Valdir está preso preventivamente desde 3 de janeiro de 2023, em razão do reiterado descumprimento de medidas cautelares impostas no curso da ação penal. Ele é acusado da suposta prática de quatro homicídios qualificados.
No recurso, a defesa sustentou que o acusado possui condições pessoais favoráveis, como primariedade, bons antecedentes, residência fixa e atividade lícita, além de ter comparecido a todos os atos processuais. Alegou ainda que a fase de instrução já foi encerrada, com sentença de pronúncia proferida, inexistindo risco à produção de provas ou à aplicação da lei penal.
Também argumentou que os fatos decorrem de acidente automobilístico, sem comprovação de dolo direto ou embriaguez, e que a prisão preventiva se prolonga por período excessivo, somando cerca de cinco anos de restrições à liberdade, considerando prisões e medidas cautelares.
A defesa pediu a revogação da prisão preventiva, com expedição de alvará de soltura, ou, de forma subsidiária, a substituição por medidas cautelares diversas. O pedido liminar foi indeferido, e o Ministério Público Federal se manifestou pelo não provimento do recurso.
Ao analisar o caso, o relator destacou que a prisão preventiva está fundamentada na gravidade concreta dos fatos — quatro mortes no trânsito, em contexto de embriaguez e dolo eventual — e no histórico de reiterados descumprimentos de medidas cautelares anteriormente impostas.
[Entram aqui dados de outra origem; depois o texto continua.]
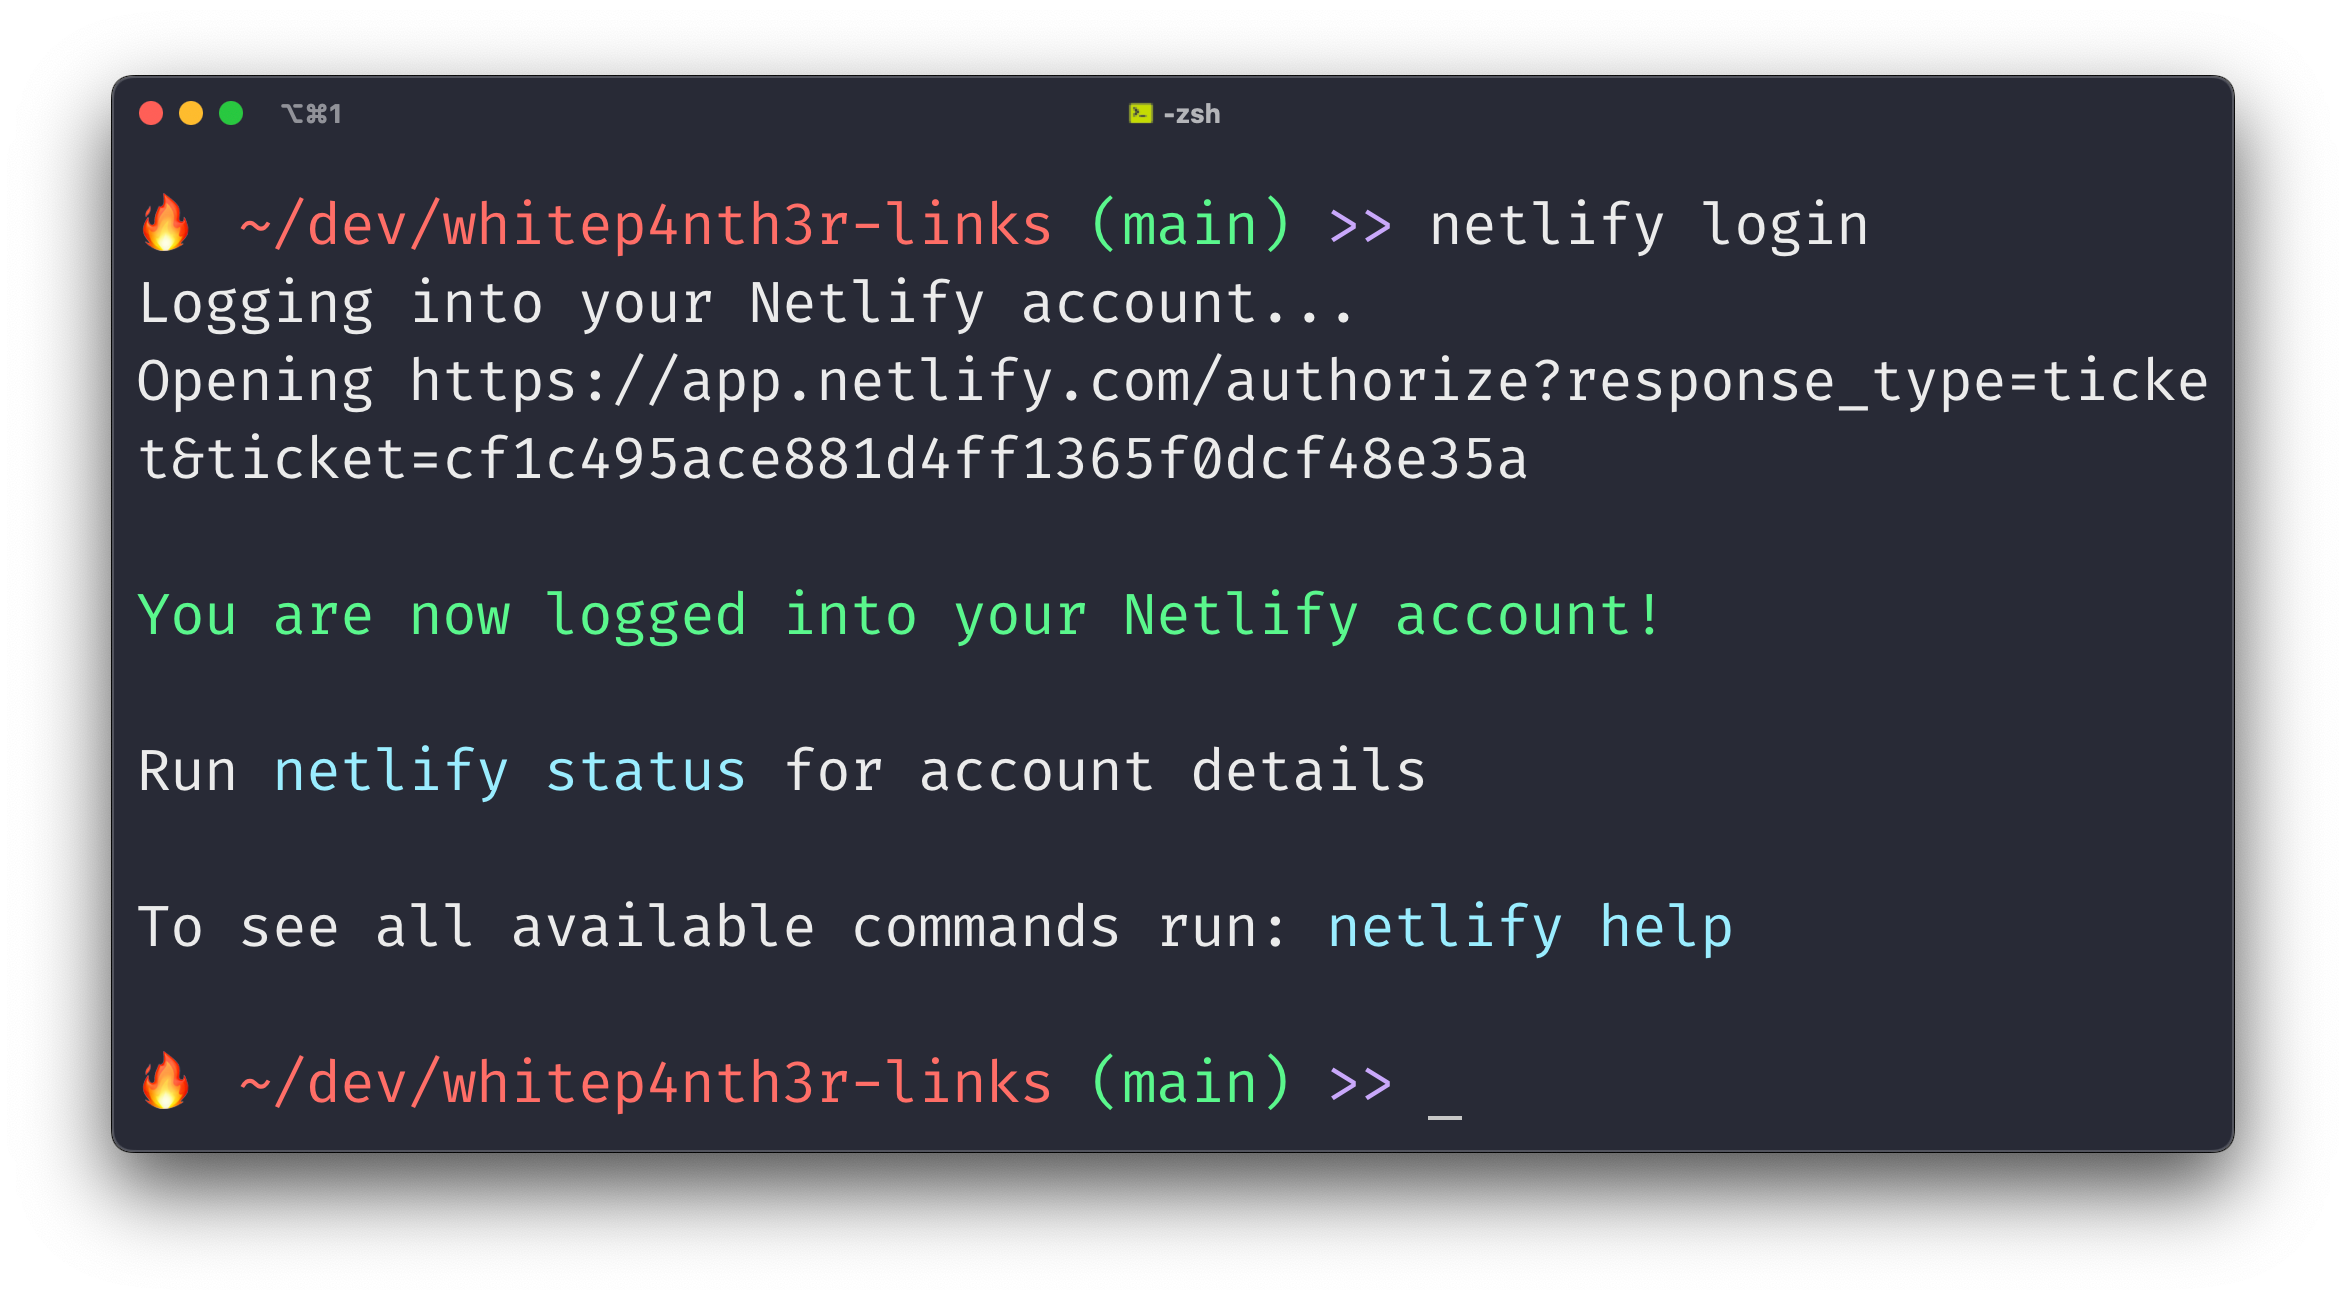 Netlify login has logged me in to my Netlify account on the CLI

Conforme a decisão, Valdir obteve liberdade provisória em julho de 2020, com medidas cautelares, mas voltou a descumpri-las, o que motivou sucessivas representações do Ministério Público pela decretação da prisão preventiva, acolhidas pelo Judiciário.
O ministro ressaltou que o descumprimento de medidas é motivo legal para a decretação da prisão preventiva. Também afastou a possibilidade de substituição da prisão por medidas cautelares alternativas, ao entender que, diante da gravidade da conduta, tais medidas seriam insuficientes para garantir a ordem pública.
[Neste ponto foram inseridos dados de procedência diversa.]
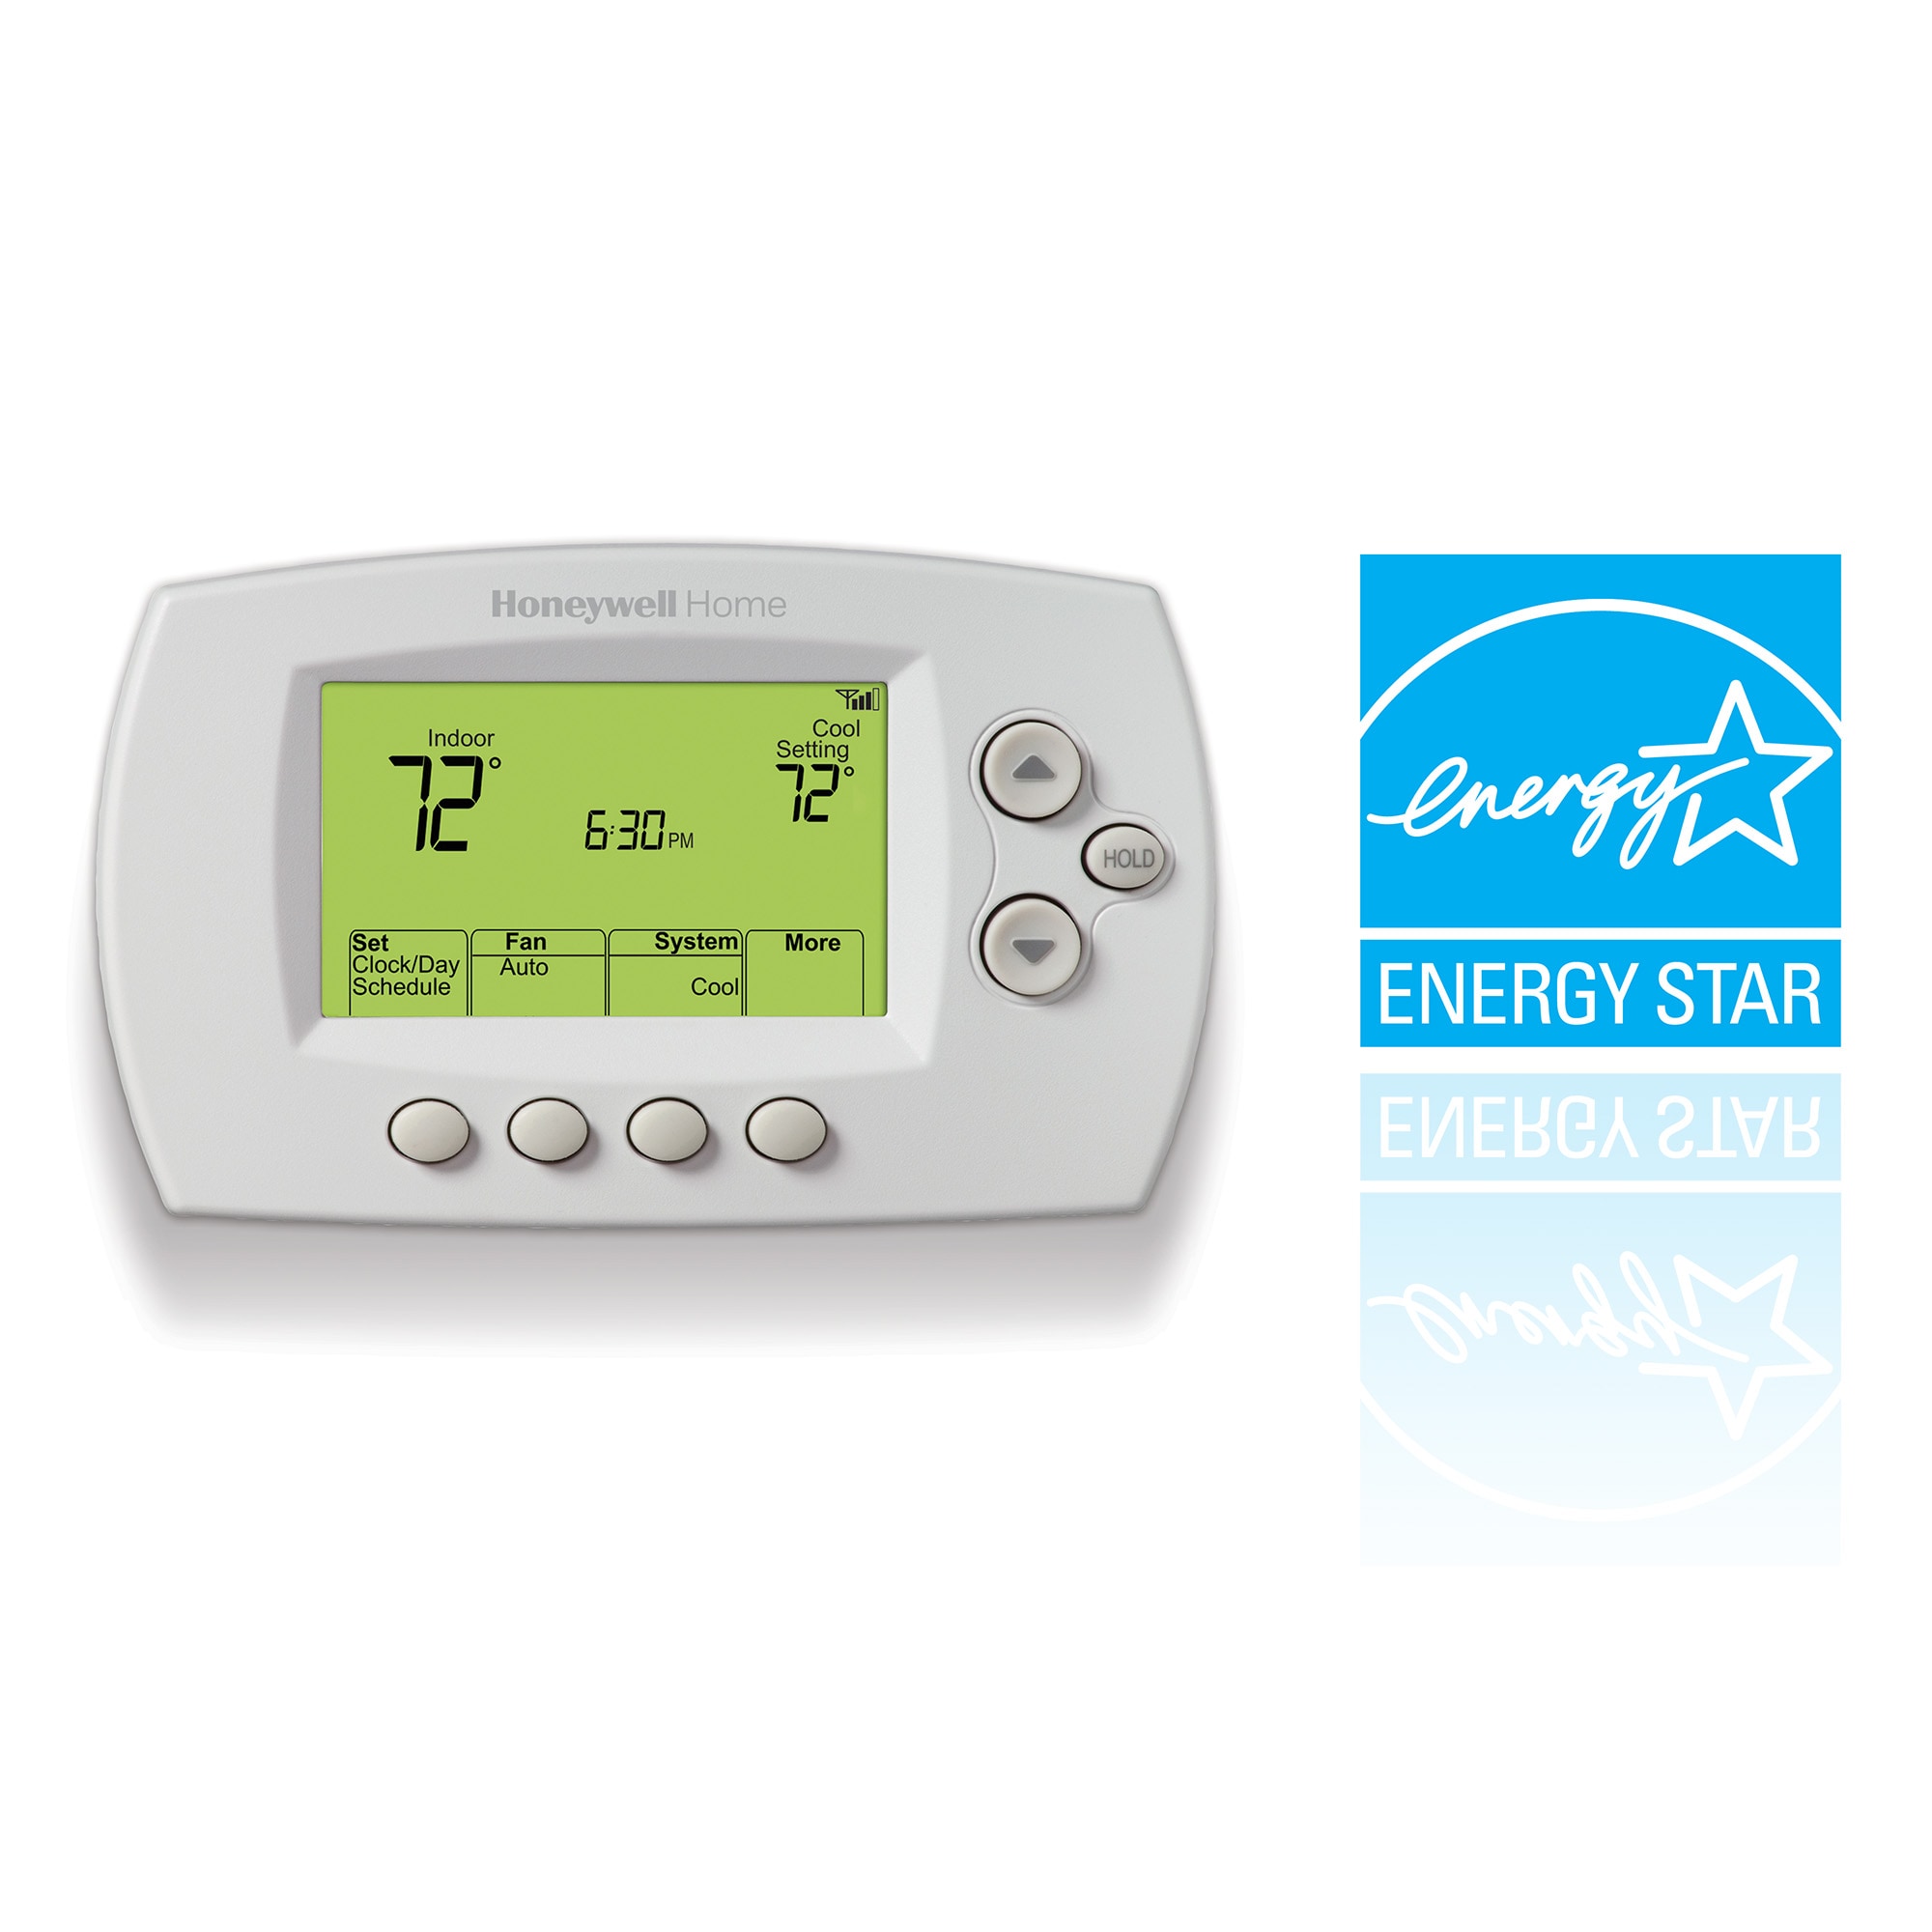 Honeywell Home Basic Programmable Wi-Fi Thermostat

Quanto ao alegado excesso de prazo, o relator afirmou que, considerando o estágio atual do processo — com decisão de pronúncia e preparação para julgamento pelo Tribunal do Júri —, a duração da ação penal não se mostra desproporcional ou desarrazoada. Segundo ele, não há violação aos princípios da proporcionalidade e da razoável duração do processo.
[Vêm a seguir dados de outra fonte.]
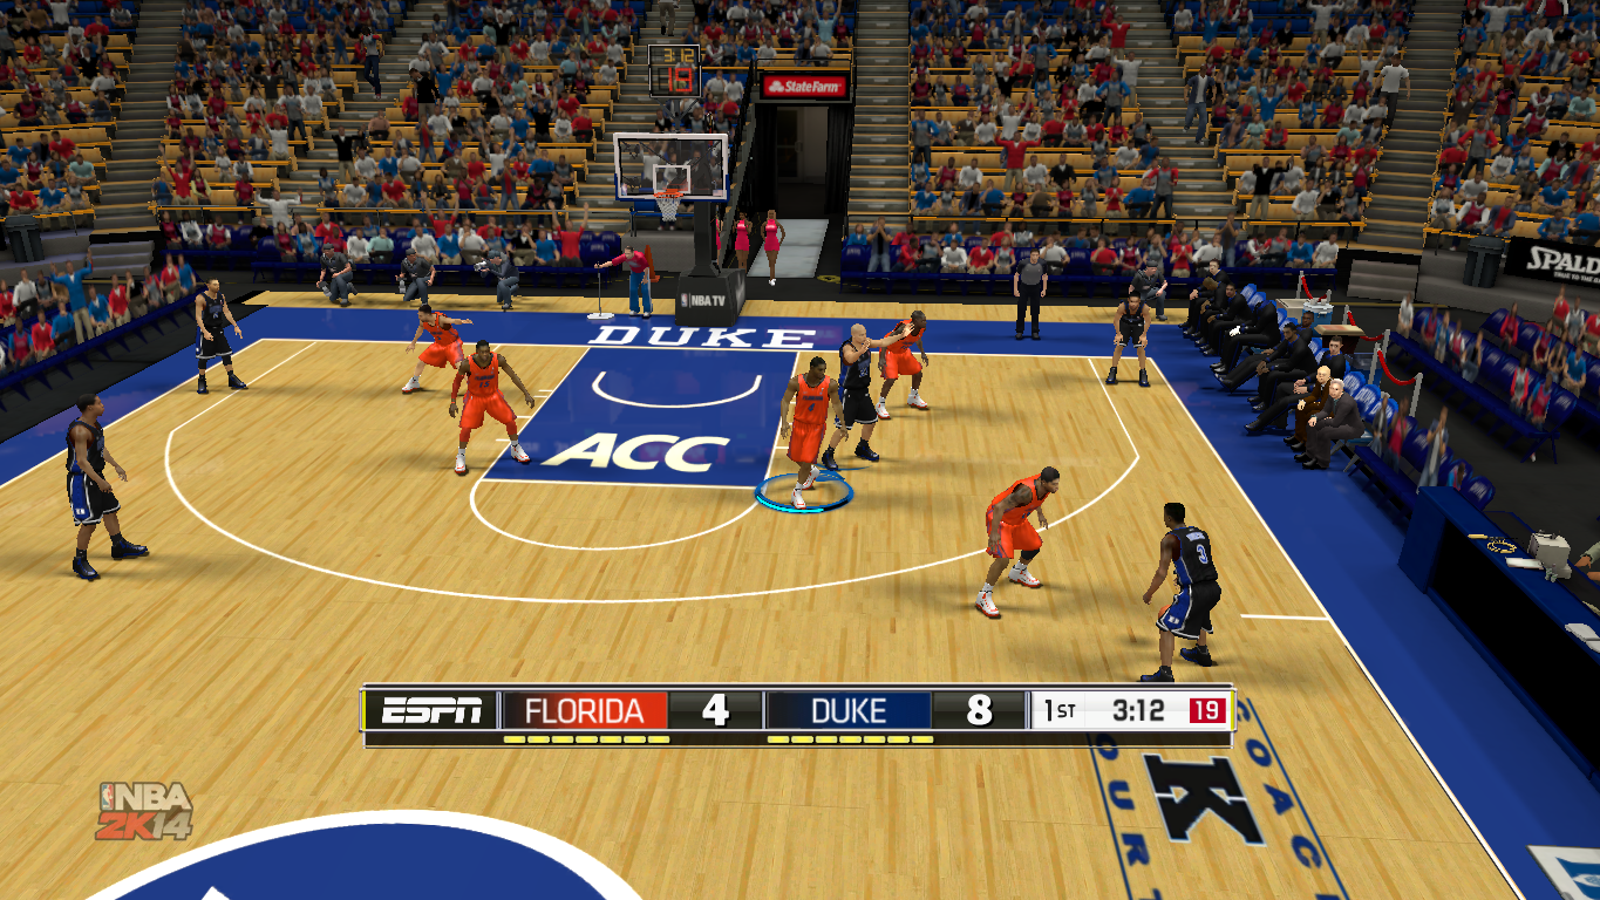 Modders Keep College Basketball Alive with 'March Madness 2K14' on PC1600 x 900

Com esse entendimento, o ministro Reynaldo Soares da Fonseca concluiu pela legitimidade da manutenção da prisão preventiva e negou provimento ao recurso ordinário em habeas corpus. A decisão foi proferida em Brasília, no dia 15 de dezembro de 2025.
O acidente ocorreu em 03 de maio de 2020, na rodovia MT-208, que liga Alta Floresta a Paranaíta. A camionete conduzida pelo acusado, um modelo VW Amararok bateu de frente com o carro da família, um modelo Sandero. Ao realizar uma ultrapassagem proibida, Valdir acabou colidindo com o carro da família que vinha em sentido contrário, causando a morte dos quatro passageiros, sendo dois adultos e duas crianças.
O acidente causou as mortes de Jacinto Faquinello, de 50 anos; Elizandra Aparecida de Freitas, de 34 anos e das crianças João Vitor de Freitas Silva, 7 anos e Nicolly Gabrielli Batista de Freitas, de 9 anos, respectivamente filho e sobrinha do casal.
Após ser preso em flagrante e indiciado pelos crimes de homicídio com dolo eventual, condução de veículo sob influência de substância alcoólica e fuga de local de acidente, durante a pandemia, o indiciado foi posto em liberdade, mediante o uso de tornozeleira eletrônica e outras medidas cautelares, como recolhimento domiciliar no período noturno.
Contudo, ele continuou a frequentar festas e consumir bebida alcoólica, sendo flagrado em estabelecimentos comerciais da cidade no período noturno, o que caracterizou o descumprimento das medidas cautelares impostas pela Justiça. A Polícia Civil representou pela prisão preventiva, que foi decretada e cumprida no dia 15 de julho de 2022.
No dia 17 de julho do ano passado, porém, Valdir foi posto em liberdade mediante uma decisão liminar concedida em habeas corpus. Em outubro de 2022, o Tribunal de Justiça de Mato Grosso julgou o mérito do habeas corpus e cassou a decisão liminar. Em 06 de outubro foi expedido novo mandado de prisão.